Since this is an 8-bit ALU, we need 8 gates of each type. There are 4 gates in a chip, so calculating the three logic functions cost 6 chips. We need eight 1-bit multiplexers, there are two in a chip, so that cost 4 chips, and there are the two adder chips, for a total of 12 for the circuit above.
But there are more chips needed. For subtract, the B input must be complemented, that can be done with two 74HC86 XOR gate chips. And for INC or DEC we must be able to put a value of 0 or 0xFF on the A input. This can be done with two multiplexers 74HC157, that can connect the A-input either to the input bus or to the fixed value 0 or 0xFF. That is 4 chips for these special functions, bringing the total to 16 chips for the ALU.
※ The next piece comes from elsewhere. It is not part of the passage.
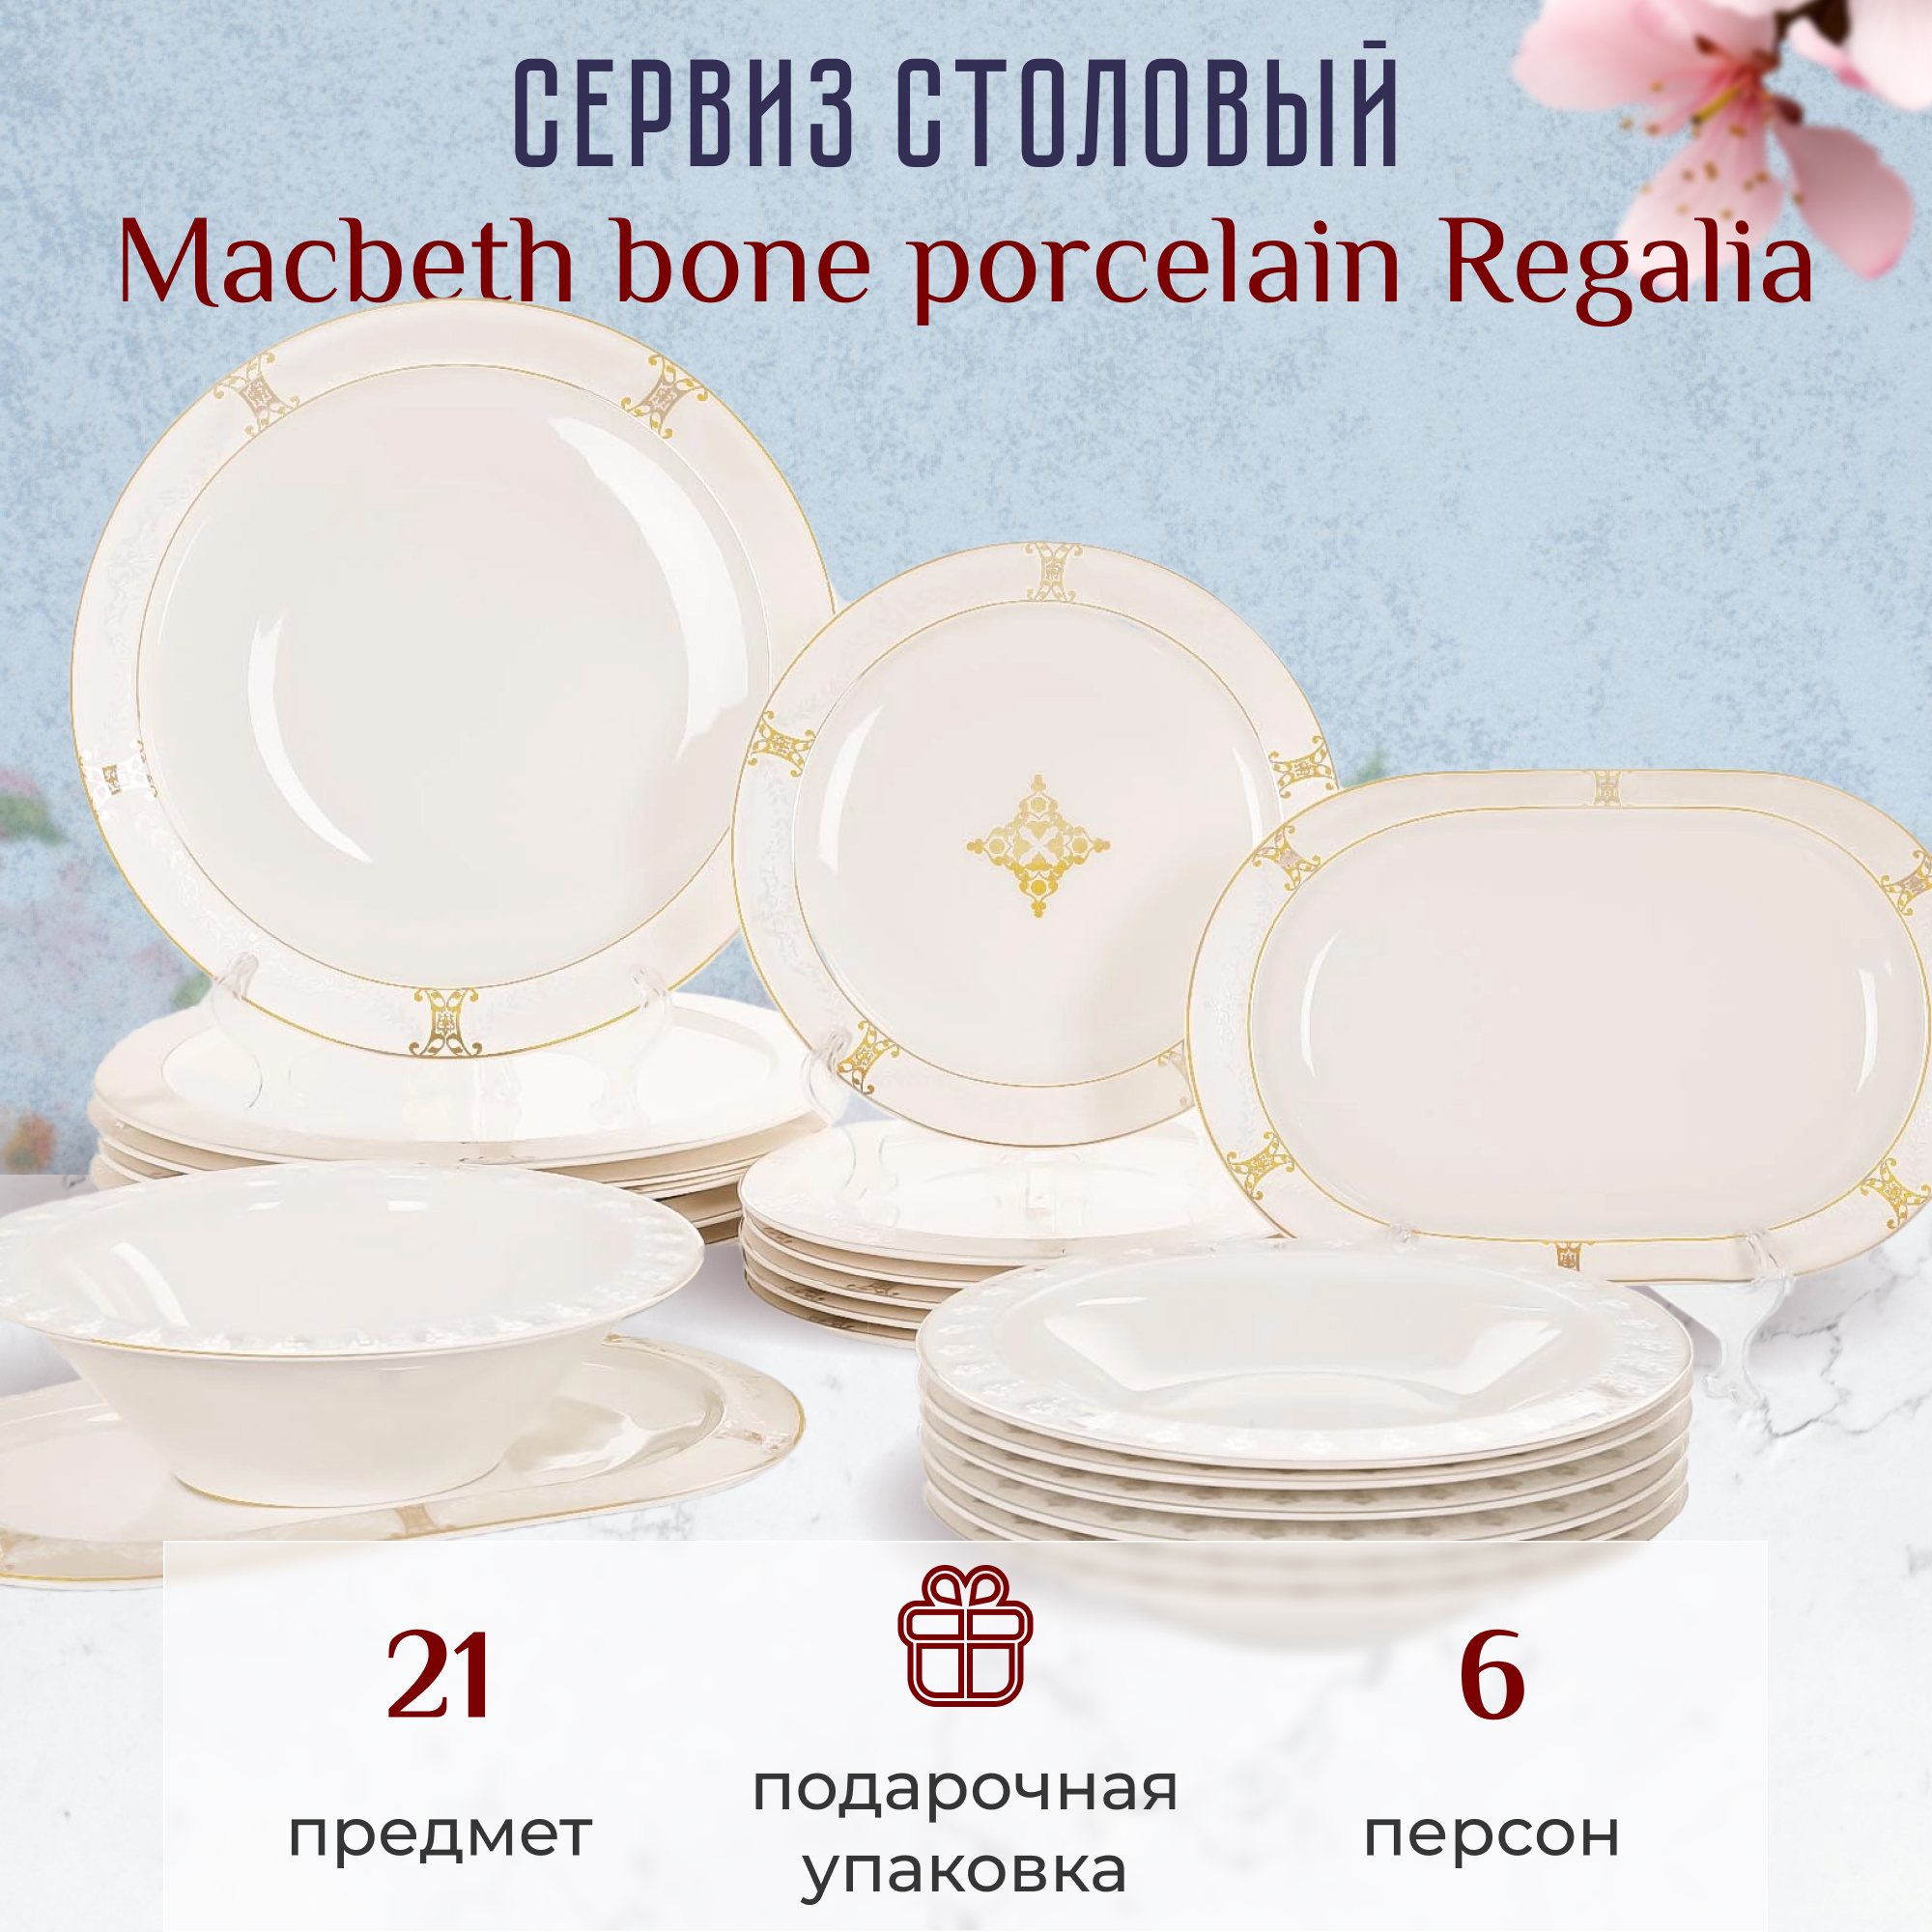 Сервиз столовый Macbeth bone porcelain Regalia 21 предмет 6 персон - фото 3

Calculating Logic functions with less chips
In the previous section we used a multiplexer. It has two inputs X and Y that select one of the inputs A, B, C or D and put the selected signal on its output Q:
The truth table of this device is:
X Y Q ---------- 0 0 A 0 1 B 1 0 C 1 1 D
If we now regard X and Y as inputs and A, B, C and D as constants, we actually have a programmable logic gate, where the value on the four ABCD inputs determines which 1-bit function it performs on the values X and Y:
DCBA 0000 Always 0 1000 AND 1110 OR 0110 XOR 1100 pass value X 1010 pass value Y 0011 pass value X complemented 0101 pass value Y complemented 1111 Always 0xFF
This is also explained in this page of Dieter Mueller. So this simple device can do all required logic functions and provides a simple way to select which function it should perform. The same trick was used in the 8086 processor, described in this article by Ken Shirriff about the ALU of the 8086.
There are two of these devices in a 74HC153 or 74AC153 chip. So for 8 bits we need 4 chips ? That would be very nice, but unfortunately, it is not true. Both two internal multiplexers of this chip have the X wires and Y wires connected to each other, as common inputs. So we need 8 of those chips. But what to do with the now unused second device in each chip ? Well, we can build TWO logic units, that share the same inputs X and Y, and that each have their own Q outputs. We then connect both Q outputs to the input of the adder:
The two logic units are called Upper and Lower. The Upper and Lower logic unit each have their own ABCD control value. Now it is easy to have the extra functions that we need, a complement-circuit for subtraction (in lower logic unit), and a fixed value 0 or 0xFF (in upper logic unit).
The only function that is missing is the shift-right (For ROR and LSR on the 6502), so a SHR circuit that shifts the bits to the right can be used instead of the upper logic unit. For shifting right, the output of the lower logic unit must be zero. [edit 231025 : I later decided that there will not be a SHR unit, to save parts. SHR will be done in microcode, with a table in memory]
The adder will add the results of both logic units. This gives the following functions:
Upper Lower Logic Logic DCBA DCBA -------- -------- 1100 (X) 1010 (Y) ADD Y to X 1100 (X) 0101 (not Y) SUB Y from X (need Cin = 1) 0000 (0) 1010 (Y) PASS Y (with CY: INC Y) 0000 (0) 0101 (not Y) CPL Y (bitwise complement Y) 1111 (FF) 1010 (Y) DEC Y 1000 0000 AND 1110 0000 OR 0110 0000 XOR
Note that for all functions, we can swap the ABCD values of both logic units without changing the final result.
The function of the ALU is now controlled by the two 4-bit ABCD values. These two 4-bit values will be provided by the control section of the CPU.
In the control section of the CPU, there will be another multiplexer circuit that uses two control bits to select one of the following four sources for the carry-input of the adder:
- 0
- 1 (Needed for SUB and INC)
- C (Carry flag, needed for ADC and SBC)
- TC (Internal Temporary carry flag, used for address calculations)
This ALU is only 11 TTL chips (10 without the SHR unit), instead of the 16 for the simple design in the previous section.
We are in good company, the same ALU principle is used in the C74 6502 TTL design and in the Gigatron.